More Questions Regarding Sequence Similarity

  • If sequences A and B are 40% identical and are functionally similar, can we infer that sequence C is also functionally similar?
  • A is also 40% identical to C.
  • Cannot infer function without more information.
  • Functional regions may be dissimilar with conserved structural regions.
  • Matches between B and A and A and C may occur in different locations of the sequences.
  • The question becomes systematically studying what very low levels of identity mean.
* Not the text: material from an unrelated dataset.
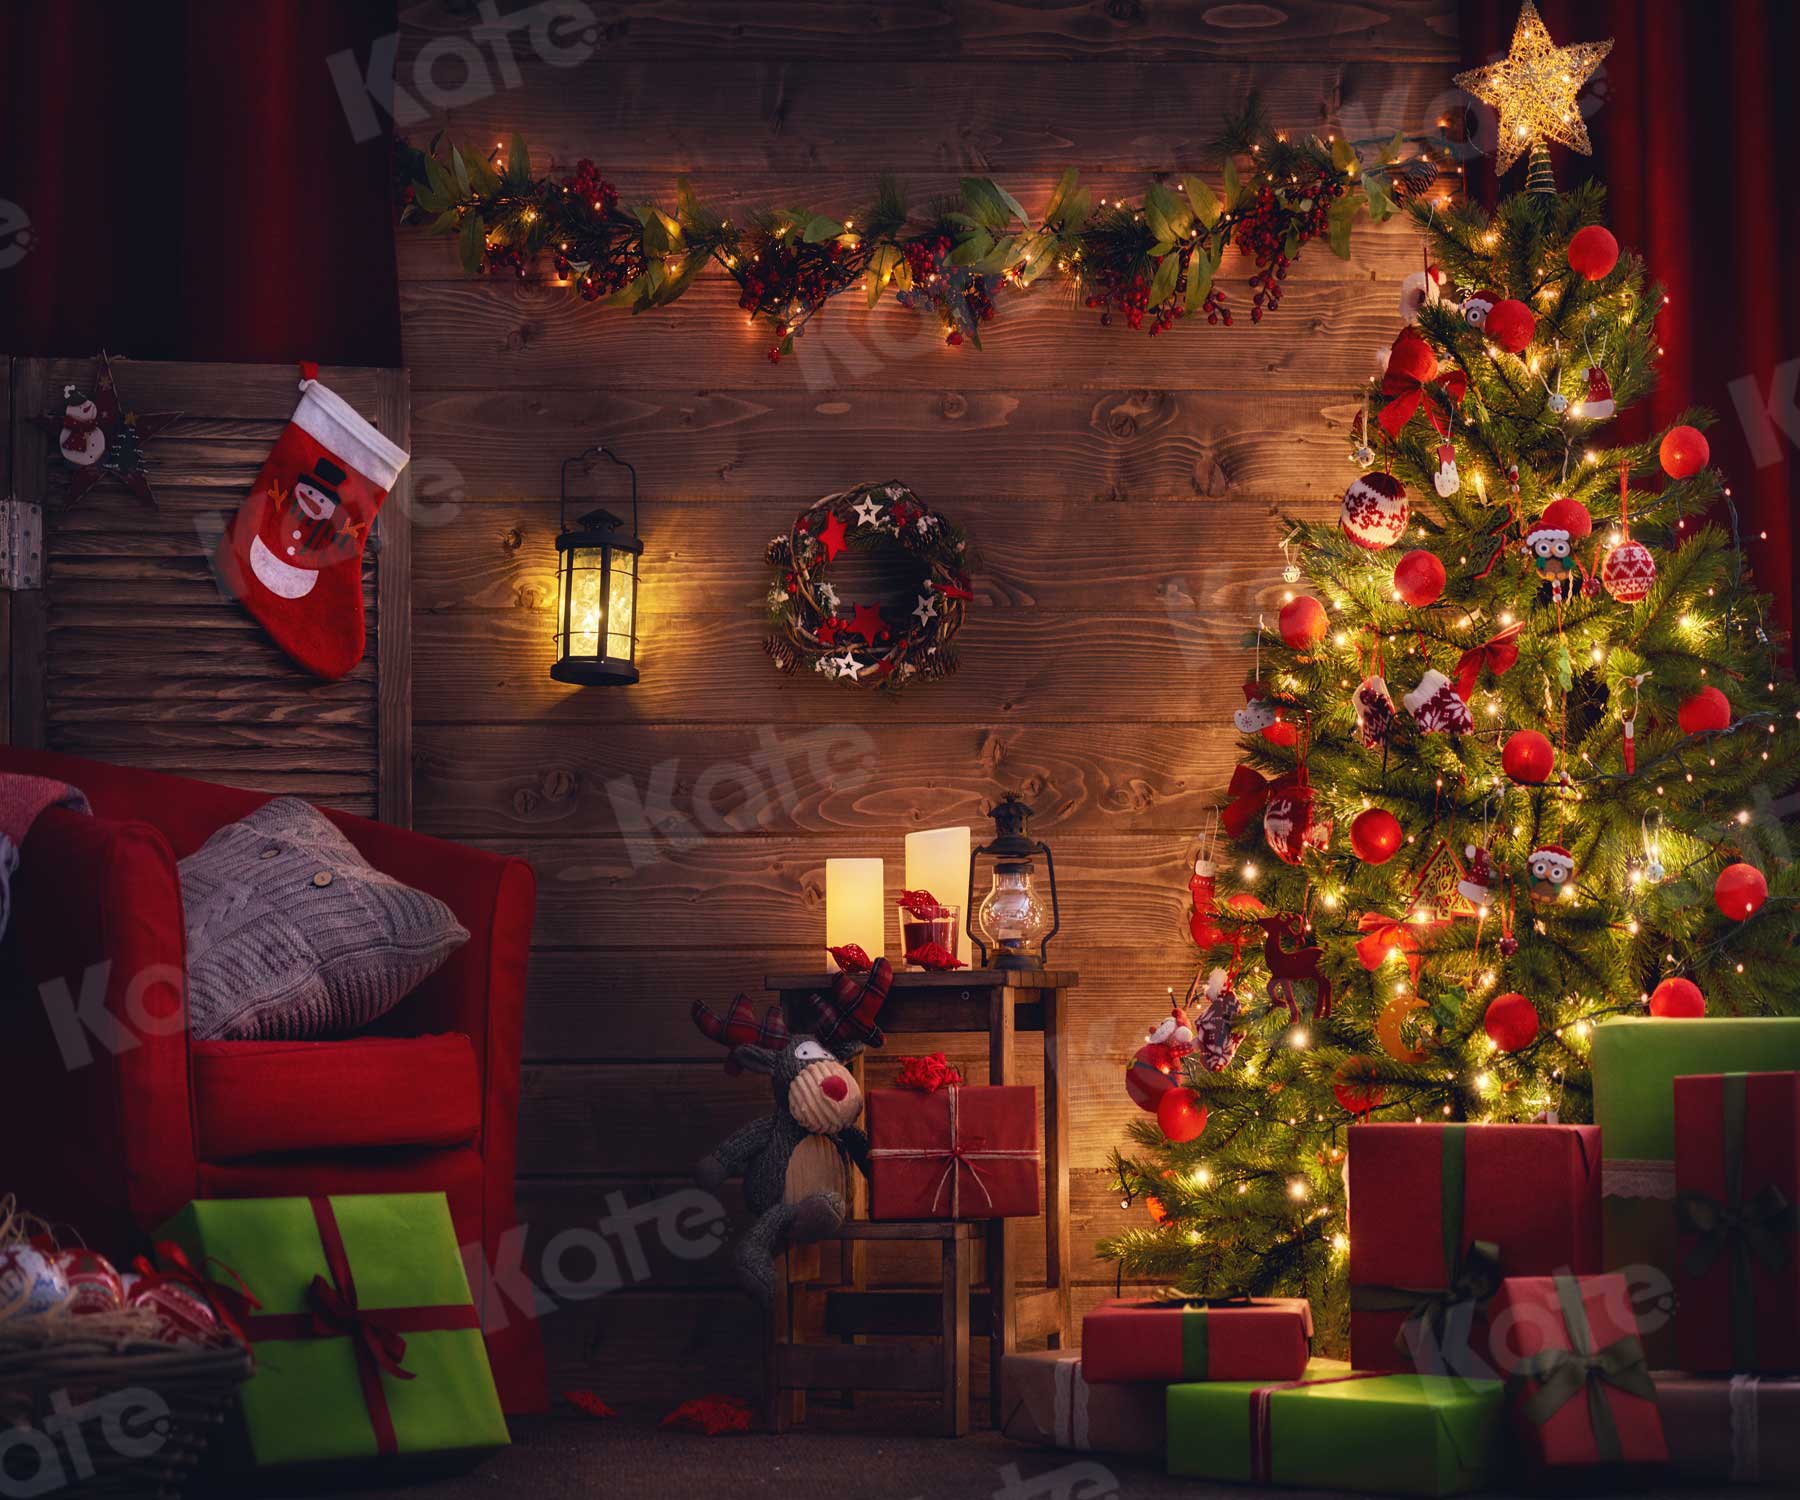 Kate santa's workshop Light Christmas Backdrop

Protein Structure Databases

  • Protein structures have three-dimensional representations but also two-dimensional analogs (alpha helices, beta sheets).
  • Motifs and sequence patterns can be identified using regular expressions based on amino acid properties.
  • Databases like ProSight store information as regular expressions.

Central Dogma of Biology

  • The central dogma describes the flow of information from DNA to RNA to protein.
  • Genes are regions of DNA that contain instructions for making proteins.
  • Genes consists of exons (coding regions) and introns (non-coding regions).
  • Upon transcription, RNA is spliced to remove introns.
  • Bioinformaticians may be given an orphan genomic sequence and asked to identify the gene (coordinates of exons, etc.).
  • Machine learning and AI methods might be required to identify genes.
  • Algorithms are needed to identify gene features in orphan genomic sequences.

What percentage of the human genome is genes?

  • The amount of exonic codes (parts that actually code for a gene) only 1.7%.
  • The genetic region is larger (the entire region of the genome, all introns and exons), between 30 to 40%.
  • Debate continues about protein-coding genes.

Dynamic Processes

  • This class focuses on the static and dynamic aspects of the dynamic parts of bioinformatics.
  • Static portion: genome sequenced, genes identified.
  • Dynamic portion includes everything functional going on in the cell.
  • Gene gets made into RNA with the exons being spliced together to make the RNA.
  • RNA are then used to make proteins.
  • What you can do is simply take a cell extract all the RNA sequences and map back to where they came from. For every gene, how many copies of RNA
  • At any time you sample a cell and see different corpus of proteins because they are constantly degrading and being assembled.
  • A simple experiment involves isolating all RNA sequences and counting copies of each gene.
    • Samples include a collection of all those RNA sequences.
    • Counts will indicate which genes are active in that area.
    • The counts can change depending on the state of the cell.
    • Allows for some observations
  • Example: What if there were samples from individuals one with cancer and one without? Could the collected data determine which individuals had cancer.
  • Length of the sequence also matters because they can span the entire gene.
  • Metrics need normalization and biologists just do simple counting to find copies.
  • Real life example: a matrix of genes correlated with those who has leukemia versus those who do not have leukemia.

Proteins

  • RNA has a shorter lifespan. Proteins are longer and modified.
  • Protein sequencing is different from RNA, need mass spectrometry to identify protein modifications with quantization methods.

Population Aspects

  • Analysis on large numbers of sample data with various nucleotides
  • Responses to drugs and susceptibility to diseases has a genetic basis, studied through the differences we nucleotide differences.
  • Polymorphic nucleotides, with databases to collect this data. SNPs, with nucleotide variations, allowing analysis to identify ethnicity or demographics.
  • Differences occur because of how our genome is different.